I thought this was such good advice I saved it into my document files.

It came from ConnerVt:
Quote

I tend to agree that writing more than a letter of two doesn't make too much sense.  There are some inherent problems with a long correspondence period.  People tend to hide behind words, and put themselves in the best light.  Next, unless both people are fluent in the language that is written, there will be misunderstandings that will either be taken very badly, or dismissed as a minor problem when they should not.  But these are minor compared to two other larger pitfalls.

First, there is always the problem of falling in love with a 'virtual person', the classic "photograph and letters" the person writes, and not the person themselves.  It is a big punch in the chest to travel half way around the world (or be visited by your foreign friend/love) only to find out quickly this is not the person you thought they were.  It's been described in many ways, but many will sa the "chemistry" isn't there.  I had an experience where the woman I wrote to seemed very intelligent and reasonable in here letters, but it was quickly felt (by both myself and my trusted interpretor) that she was borderline crazy.

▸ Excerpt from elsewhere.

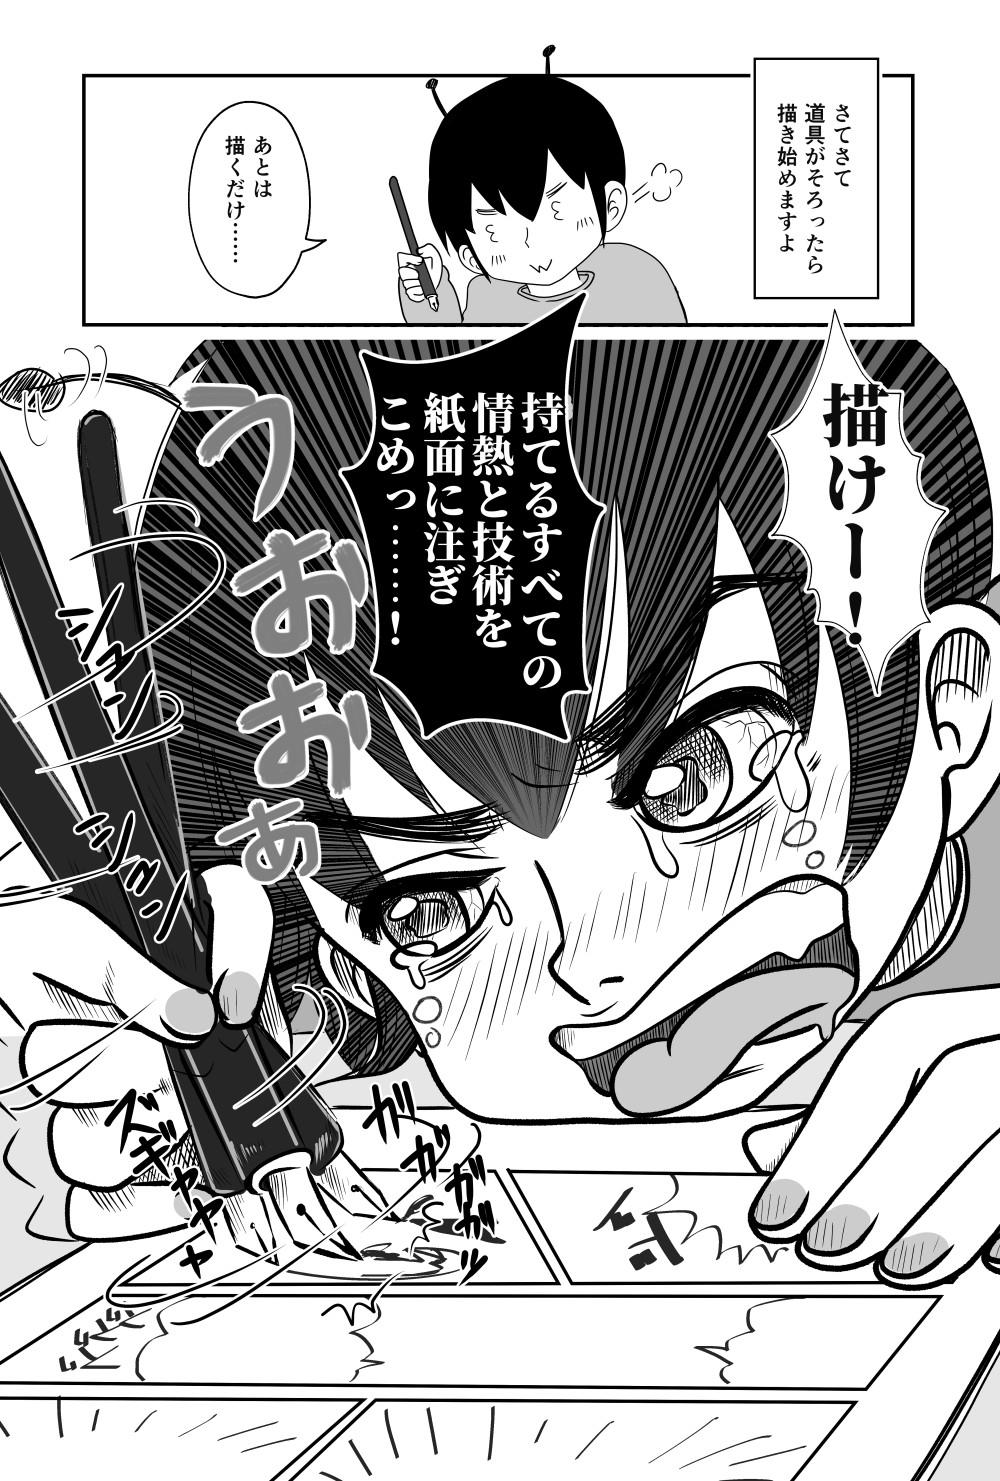 30_manga02_1000.jpg

Second, there will be the desire (perhaps on both parts) to salvage a less than exciting meeting between people to protect the investment of time, money, and energy spent corresponding.  Something like "...Well, there are not the person I thought they would be, perhaps in time I will begin to like them more..."  This is quicksand.  More time is invested, and now it becomes more difficult to cut one's losses and move on.  For all that's involved in an international relationship, I feel it's important that the two people really have strong feelings for each other, else only trouble waits down the road.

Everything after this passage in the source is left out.